__ASSIGNED TASK__: Leave the pictures out and write out the rest of the listing word for word.

__GIVEN DATA__:
________________

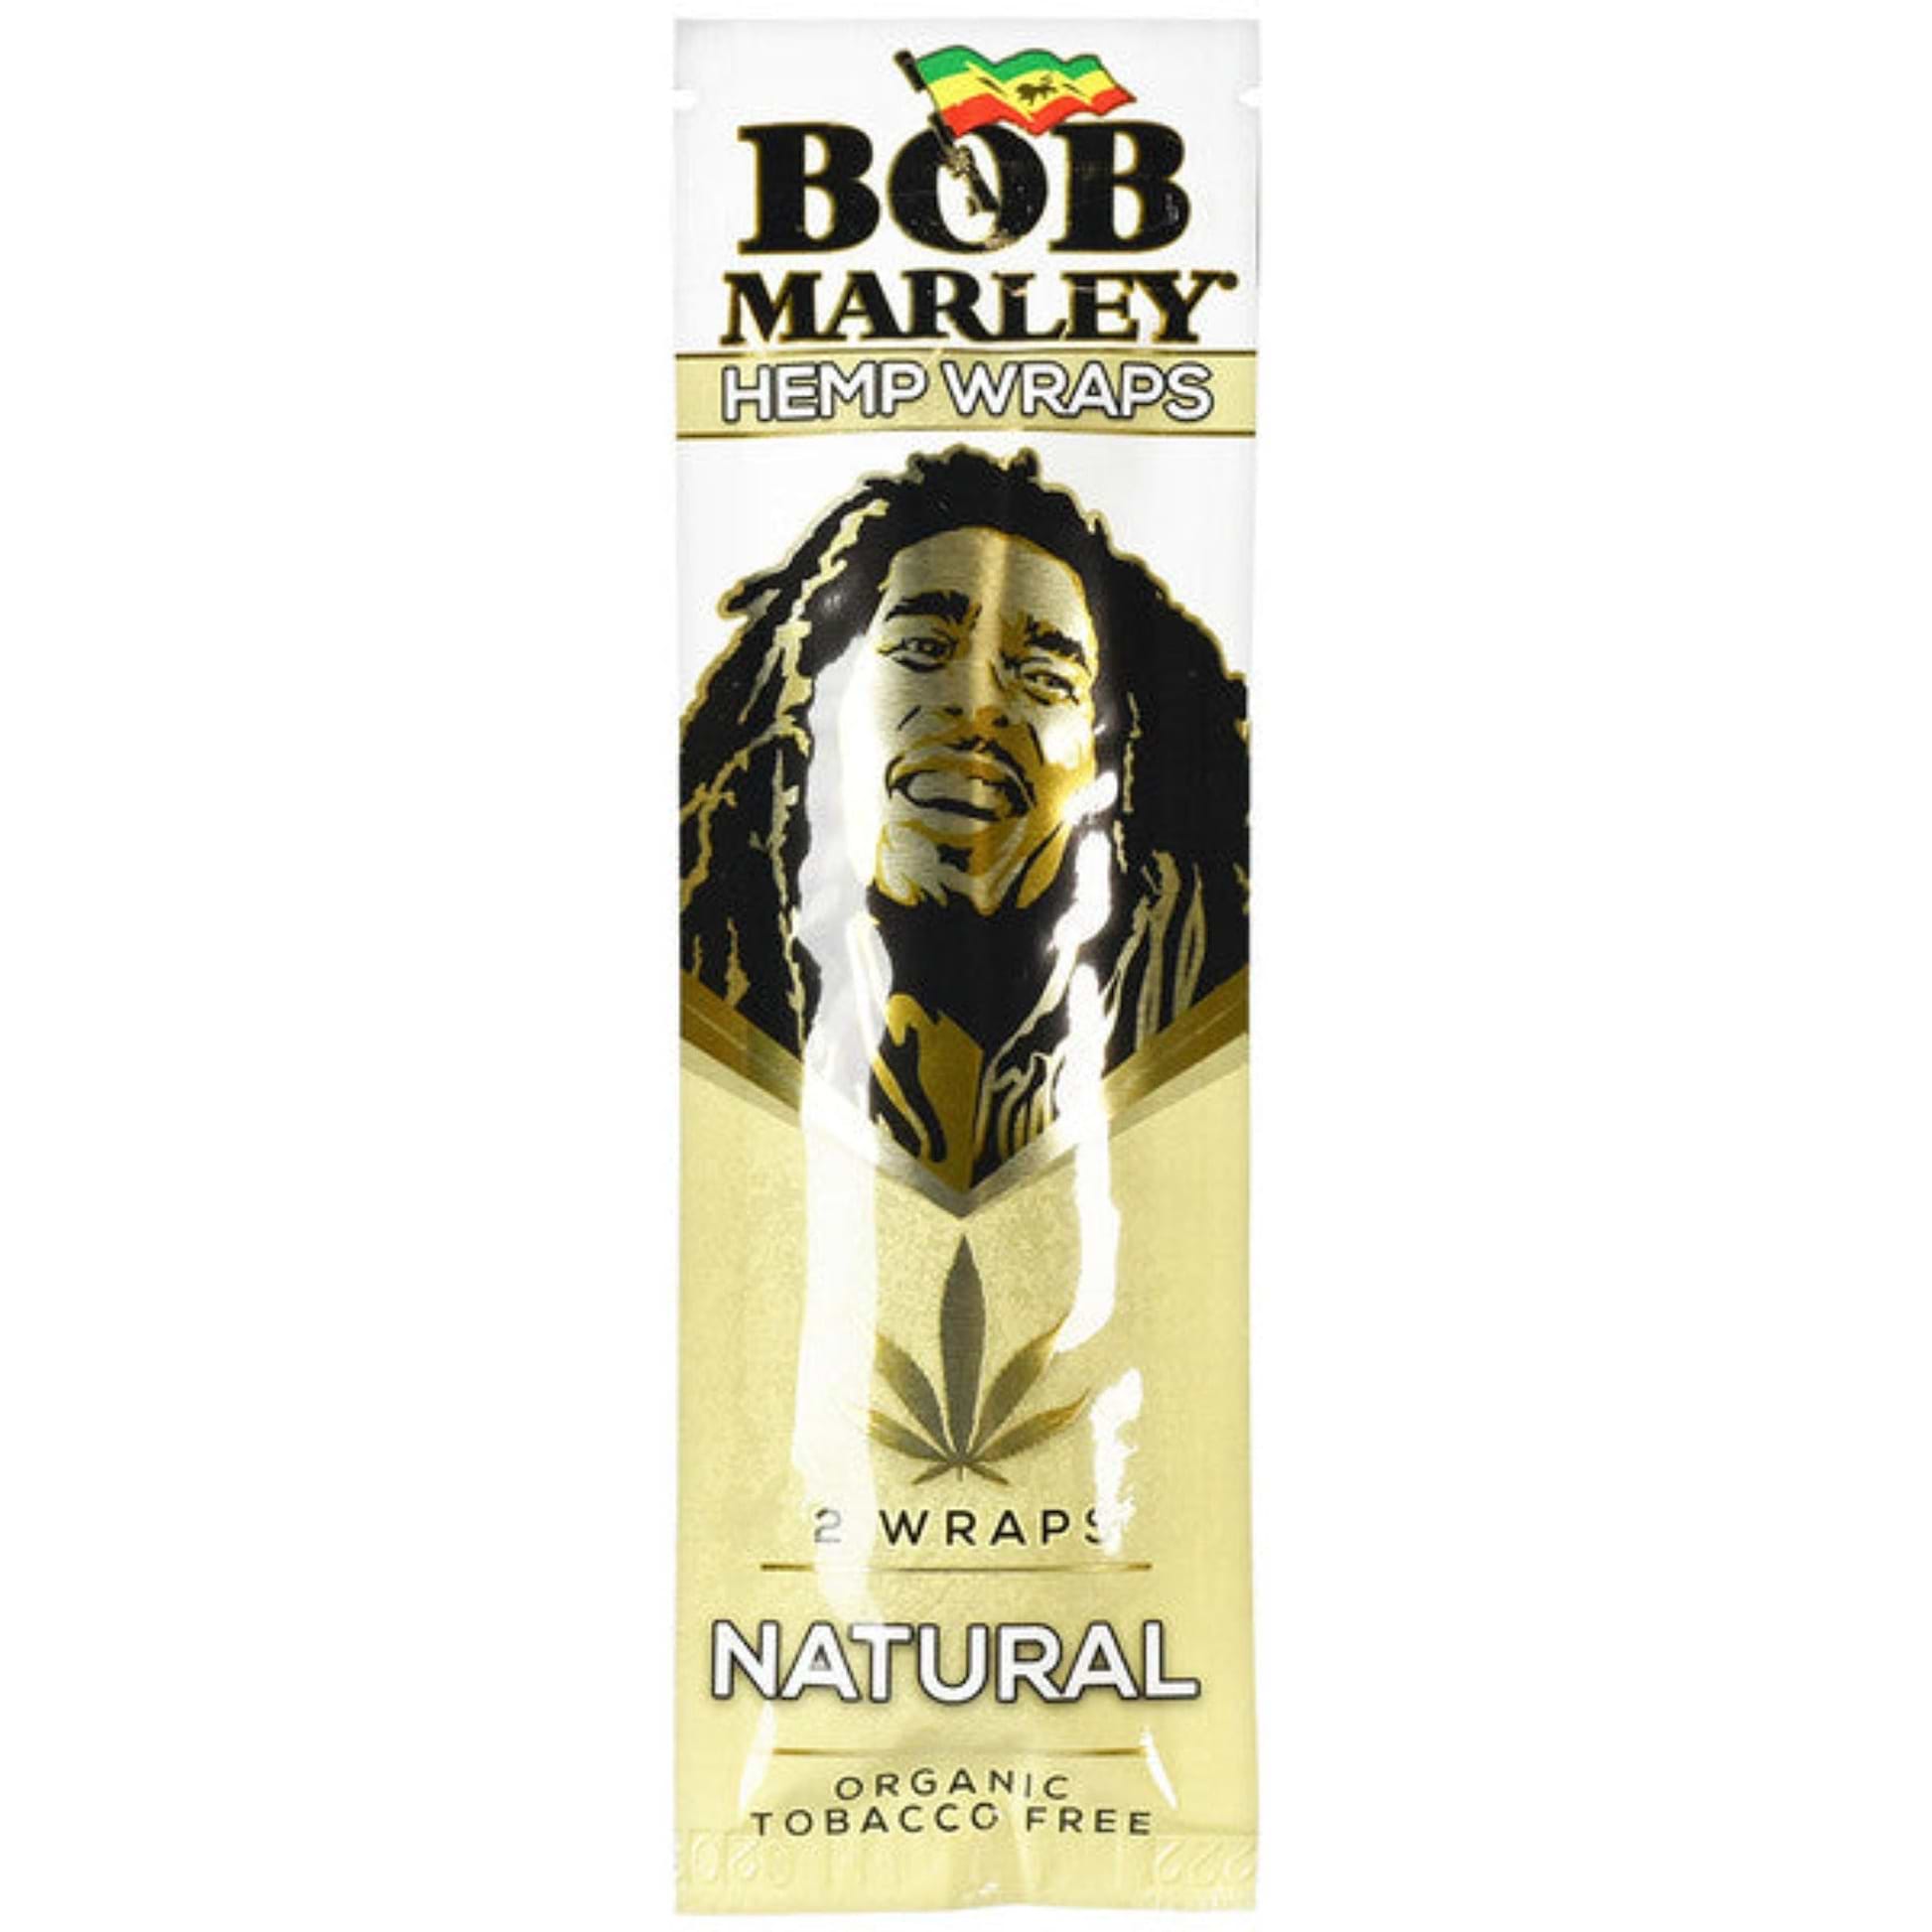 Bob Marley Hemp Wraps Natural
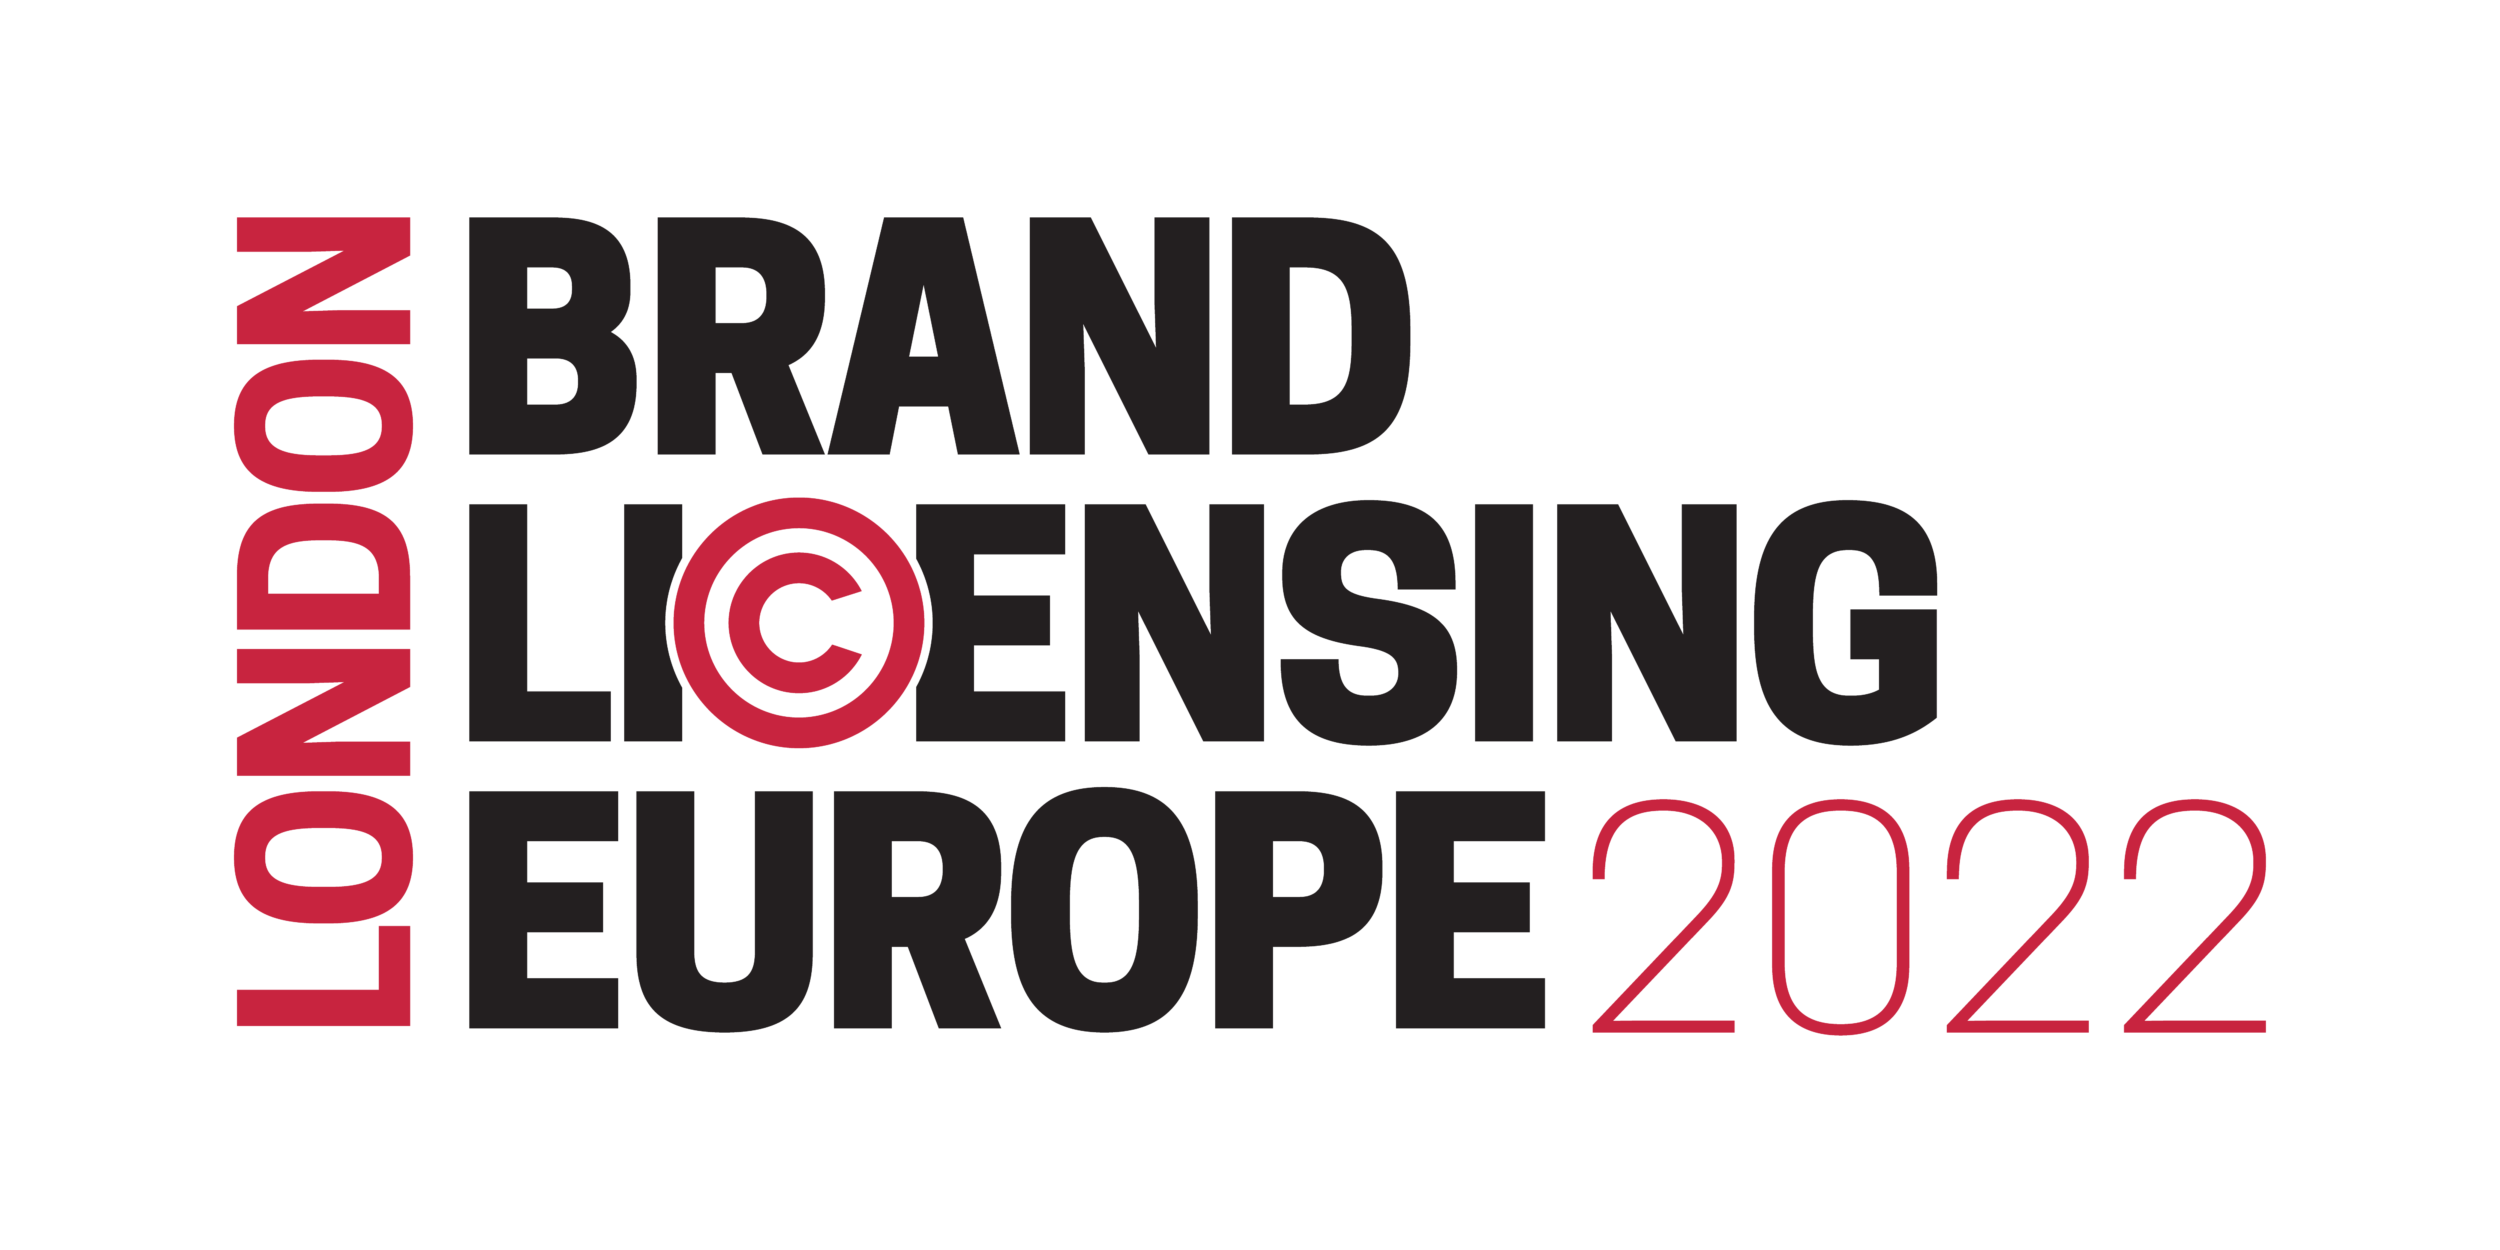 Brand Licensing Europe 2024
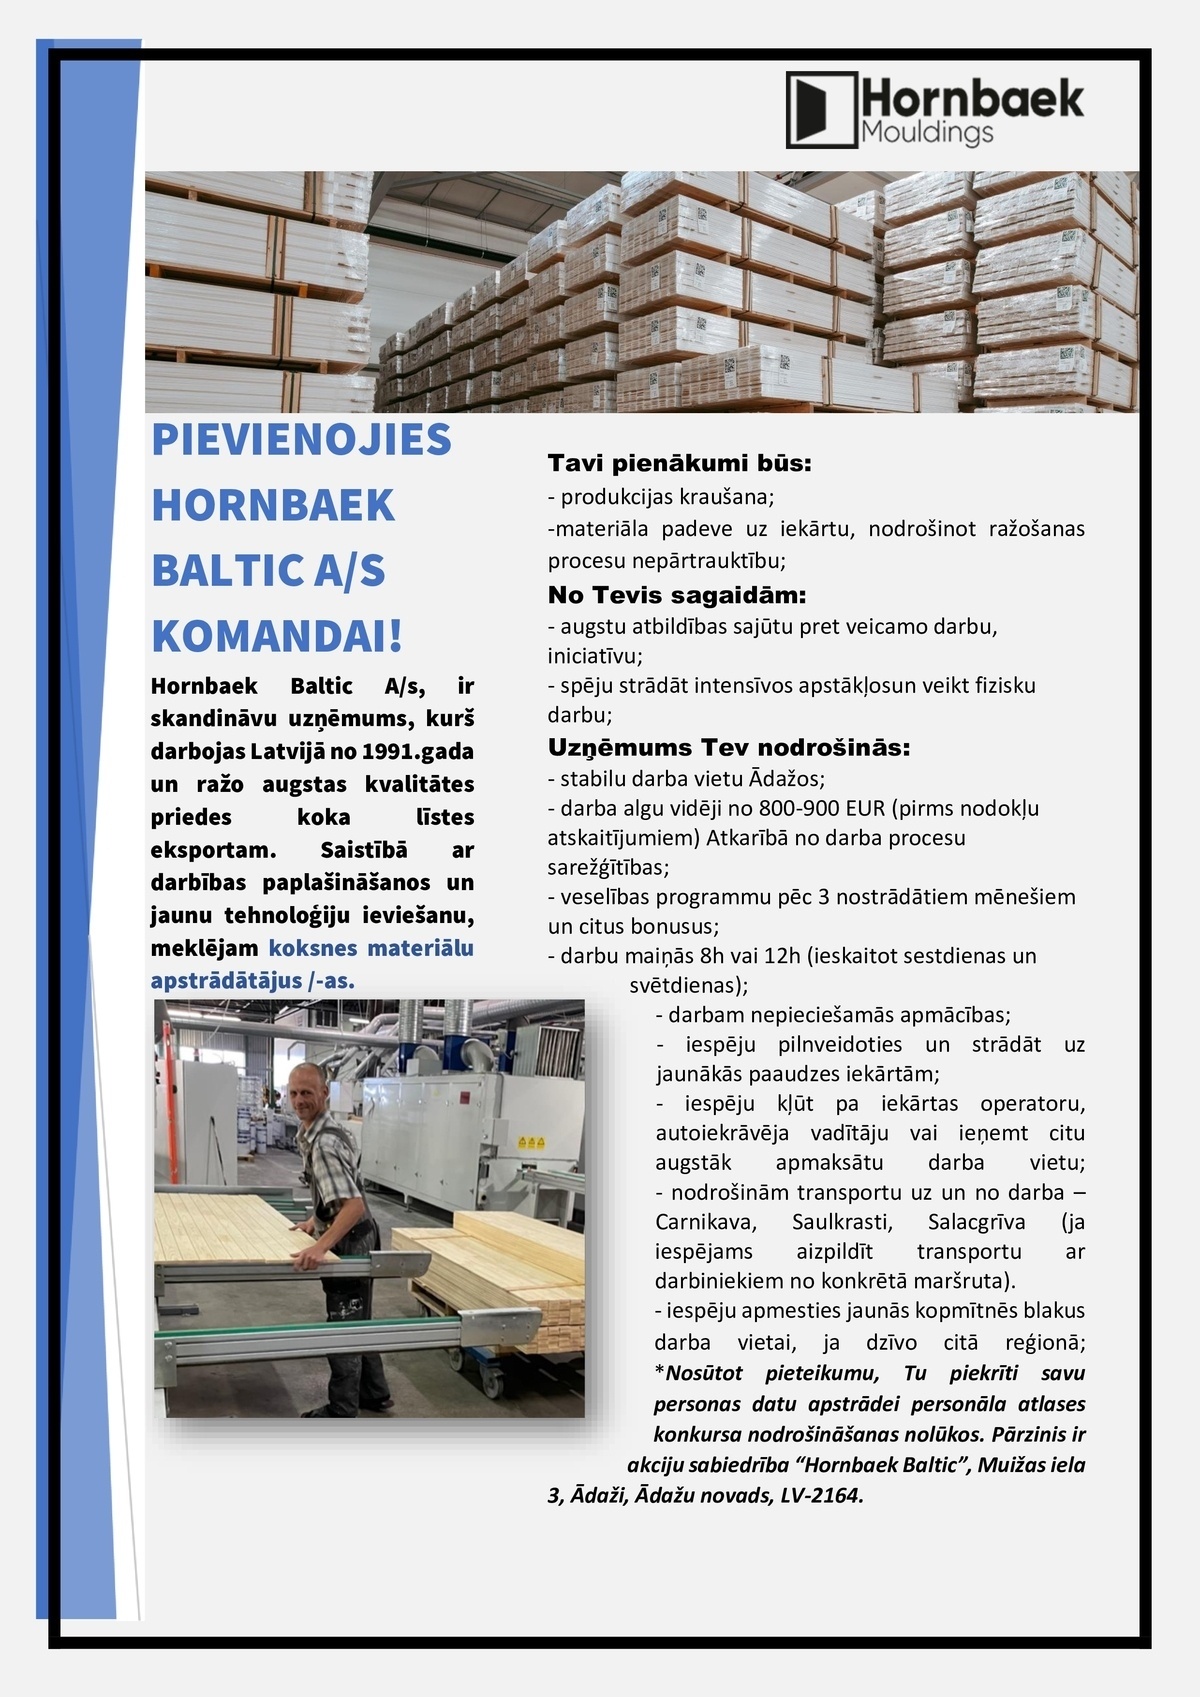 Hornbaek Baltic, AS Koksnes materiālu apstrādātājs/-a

________________

__WRITTEN SOLUTION__:
 Bob Marley Hemp Wraps Natural
 Brand Licensing Europe 2024
 Hornbaek Baltic, AS Koksnes materiālu apstrādātājs/-a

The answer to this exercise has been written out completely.